- **Requirement**
Start at the line with "las tipografías más" and print every line through the end of the material below. Keep it exact and free of pictures.
BEGIN Source data
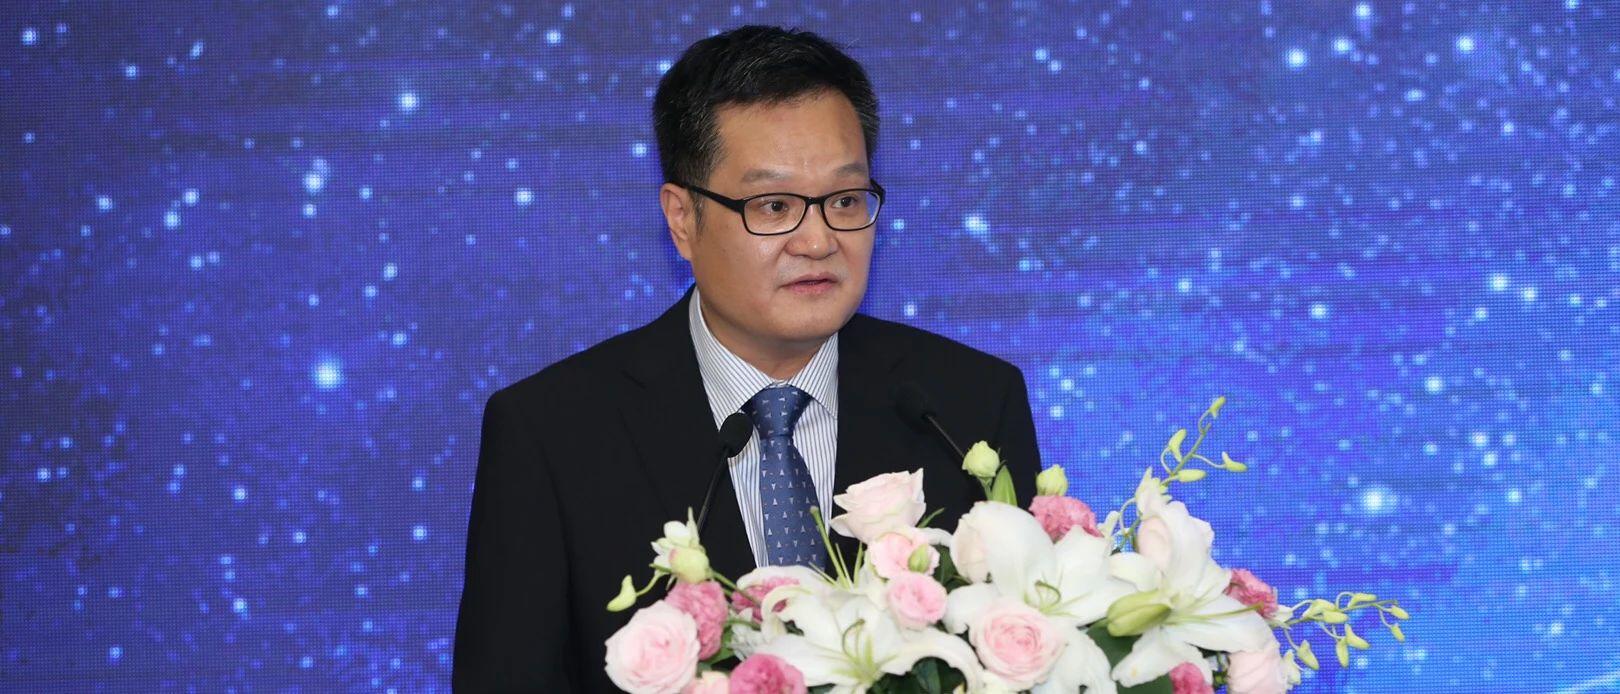 中国品牌建设论坛|《国际金融报》总编辑徐冲:我们都有壮大中国品牌的赤诚之心
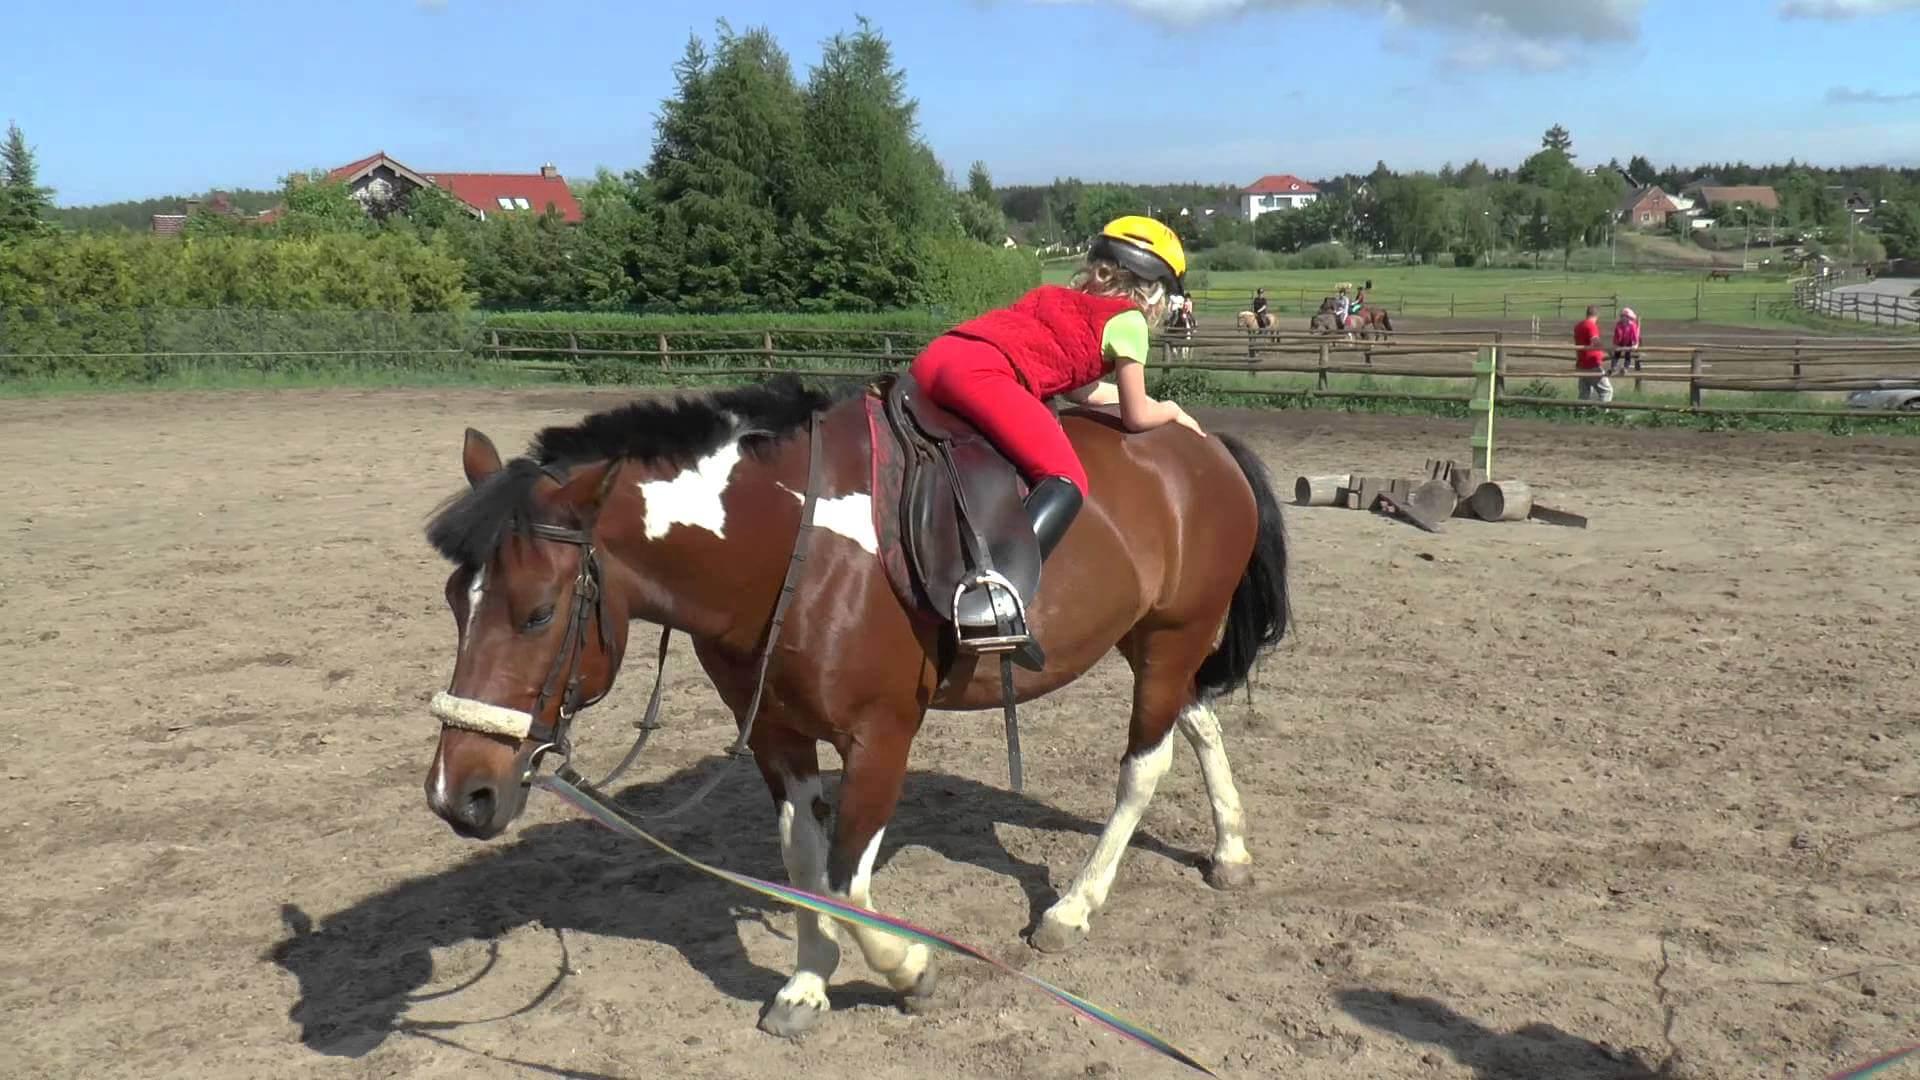 b325c1504295f Pierwsza lekcja jazdy konnej - jak zbudować solidne podstawy Sklep ...
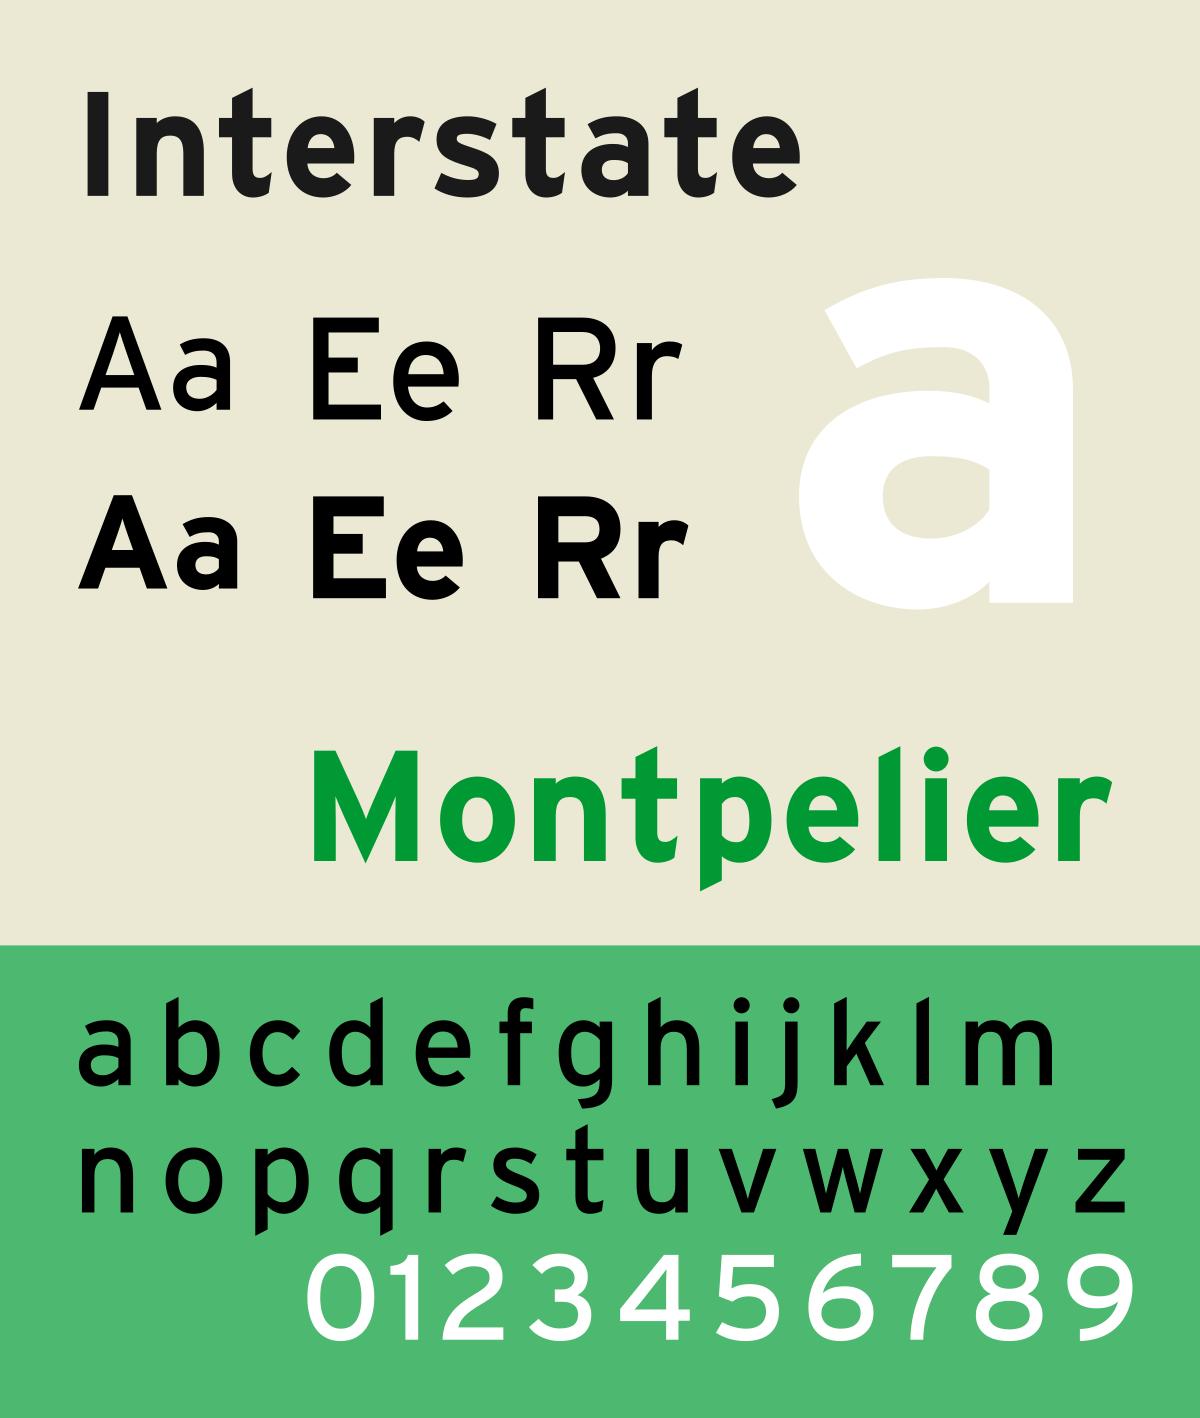 las tipografías más utilizadas en publicidad: Interstate
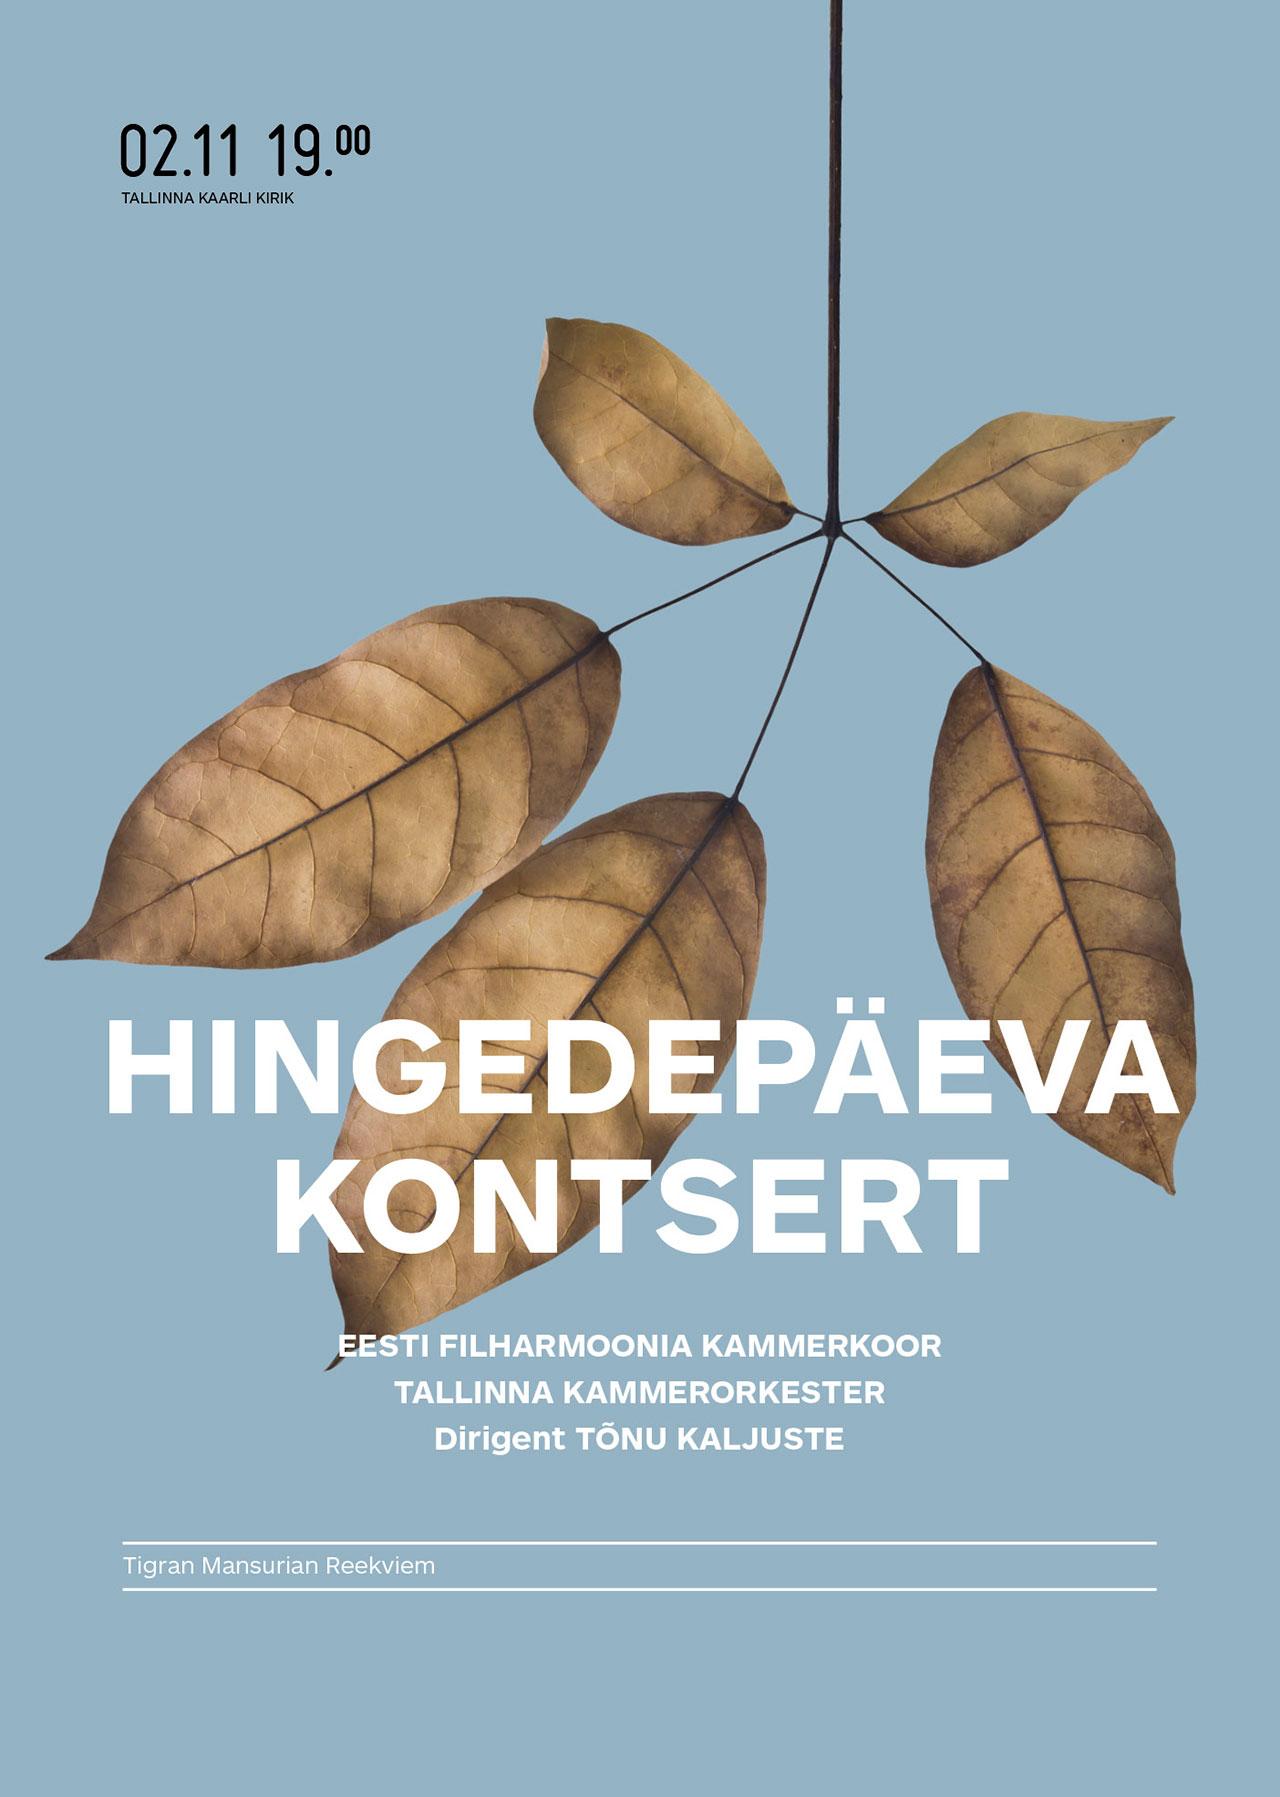 HINGEDEPÄEVA KONTSERT
END Source data
- **Worked solution**
 las tipografías más utilizadas en publicidad: Interstate
 HINGEDEPÄEVA KONTSERT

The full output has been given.